─── EXTRACTED RECORDS ───

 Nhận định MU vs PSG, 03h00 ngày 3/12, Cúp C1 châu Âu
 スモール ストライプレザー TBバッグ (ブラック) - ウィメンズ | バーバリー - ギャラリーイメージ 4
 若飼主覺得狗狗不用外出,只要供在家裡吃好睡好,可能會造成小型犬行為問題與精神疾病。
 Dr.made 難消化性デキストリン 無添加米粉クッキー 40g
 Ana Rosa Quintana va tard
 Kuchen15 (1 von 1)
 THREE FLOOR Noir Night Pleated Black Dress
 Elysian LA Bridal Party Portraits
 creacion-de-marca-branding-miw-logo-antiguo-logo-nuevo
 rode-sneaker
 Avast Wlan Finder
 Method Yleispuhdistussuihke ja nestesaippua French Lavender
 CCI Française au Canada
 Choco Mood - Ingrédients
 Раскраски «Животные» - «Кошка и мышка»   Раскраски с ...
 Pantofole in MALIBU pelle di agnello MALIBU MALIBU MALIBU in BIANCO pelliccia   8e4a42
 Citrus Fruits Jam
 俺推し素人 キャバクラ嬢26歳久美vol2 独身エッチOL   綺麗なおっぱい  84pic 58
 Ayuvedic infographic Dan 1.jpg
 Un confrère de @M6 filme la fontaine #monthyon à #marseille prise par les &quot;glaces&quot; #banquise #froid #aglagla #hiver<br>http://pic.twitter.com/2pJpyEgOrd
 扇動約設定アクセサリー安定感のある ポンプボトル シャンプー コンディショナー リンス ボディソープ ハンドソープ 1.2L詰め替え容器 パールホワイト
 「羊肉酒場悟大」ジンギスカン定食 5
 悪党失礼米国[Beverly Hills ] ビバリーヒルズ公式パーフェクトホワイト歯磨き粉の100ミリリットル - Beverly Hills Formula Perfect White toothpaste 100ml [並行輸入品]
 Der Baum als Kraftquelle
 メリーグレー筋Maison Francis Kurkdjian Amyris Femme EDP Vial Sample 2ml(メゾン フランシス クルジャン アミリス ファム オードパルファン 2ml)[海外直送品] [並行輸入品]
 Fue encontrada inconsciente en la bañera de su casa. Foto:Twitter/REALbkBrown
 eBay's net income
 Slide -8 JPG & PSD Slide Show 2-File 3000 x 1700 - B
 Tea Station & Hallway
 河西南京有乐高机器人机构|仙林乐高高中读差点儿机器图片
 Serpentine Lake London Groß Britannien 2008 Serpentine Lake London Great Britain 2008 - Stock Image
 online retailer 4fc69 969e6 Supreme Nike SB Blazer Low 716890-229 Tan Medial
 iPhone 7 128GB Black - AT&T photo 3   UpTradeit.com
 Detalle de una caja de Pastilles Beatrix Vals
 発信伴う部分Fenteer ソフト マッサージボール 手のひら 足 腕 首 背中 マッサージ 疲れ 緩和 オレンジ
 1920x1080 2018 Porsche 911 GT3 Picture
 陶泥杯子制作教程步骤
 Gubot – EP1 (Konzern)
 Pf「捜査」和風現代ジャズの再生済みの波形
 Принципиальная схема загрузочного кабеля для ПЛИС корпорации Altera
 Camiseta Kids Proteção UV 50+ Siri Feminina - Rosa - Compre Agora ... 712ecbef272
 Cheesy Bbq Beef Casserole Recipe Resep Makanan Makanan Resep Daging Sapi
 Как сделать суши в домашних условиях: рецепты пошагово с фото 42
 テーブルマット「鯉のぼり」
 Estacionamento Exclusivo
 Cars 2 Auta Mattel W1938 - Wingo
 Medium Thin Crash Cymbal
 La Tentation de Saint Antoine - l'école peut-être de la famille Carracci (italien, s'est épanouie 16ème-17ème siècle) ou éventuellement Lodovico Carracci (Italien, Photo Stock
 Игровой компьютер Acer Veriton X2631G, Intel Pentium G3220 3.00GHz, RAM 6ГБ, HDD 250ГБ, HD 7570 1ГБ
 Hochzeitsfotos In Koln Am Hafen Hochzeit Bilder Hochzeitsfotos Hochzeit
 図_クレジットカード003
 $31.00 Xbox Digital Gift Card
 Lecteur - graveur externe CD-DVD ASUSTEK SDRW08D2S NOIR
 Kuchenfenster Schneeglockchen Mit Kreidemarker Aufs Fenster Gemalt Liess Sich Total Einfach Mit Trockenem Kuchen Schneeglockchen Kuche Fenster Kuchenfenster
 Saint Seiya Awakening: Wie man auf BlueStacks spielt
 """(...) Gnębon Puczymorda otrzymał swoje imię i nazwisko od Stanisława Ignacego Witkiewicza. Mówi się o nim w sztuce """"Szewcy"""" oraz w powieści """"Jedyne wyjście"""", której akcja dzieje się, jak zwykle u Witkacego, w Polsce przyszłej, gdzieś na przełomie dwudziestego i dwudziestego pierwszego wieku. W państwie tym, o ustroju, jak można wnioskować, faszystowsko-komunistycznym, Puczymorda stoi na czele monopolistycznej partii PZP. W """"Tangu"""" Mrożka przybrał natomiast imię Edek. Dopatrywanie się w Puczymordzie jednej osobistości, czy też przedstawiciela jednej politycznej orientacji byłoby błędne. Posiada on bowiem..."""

───

* _WHAT TO DO_
Reproduce the records above exactly, from the first line through the line containing "Avast Wlan Finder", and output nothing else.

* _ANSWER BOX_
 Nhận định MU vs PSG, 03h00 ngày 3/12, Cúp C1 châu Âu
 スモール ストライプレザー TBバッグ (ブラック) - ウィメンズ | バーバリー - ギャラリーイメージ 4
 若飼主覺得狗狗不用外出,只要供在家裡吃好睡好,可能會造成小型犬行為問題與精神疾病。
 Dr.made 難消化性デキストリン 無添加米粉クッキー 40g
 Ana Rosa Quintana va tard
 Kuchen15 (1 von 1)
 THREE FLOOR Noir Night Pleated Black Dress
 Elysian LA Bridal Party Portraits
 creacion-de-marca-branding-miw-logo-antiguo-logo-nuevo
 rode-sneaker
 Avast Wlan Finder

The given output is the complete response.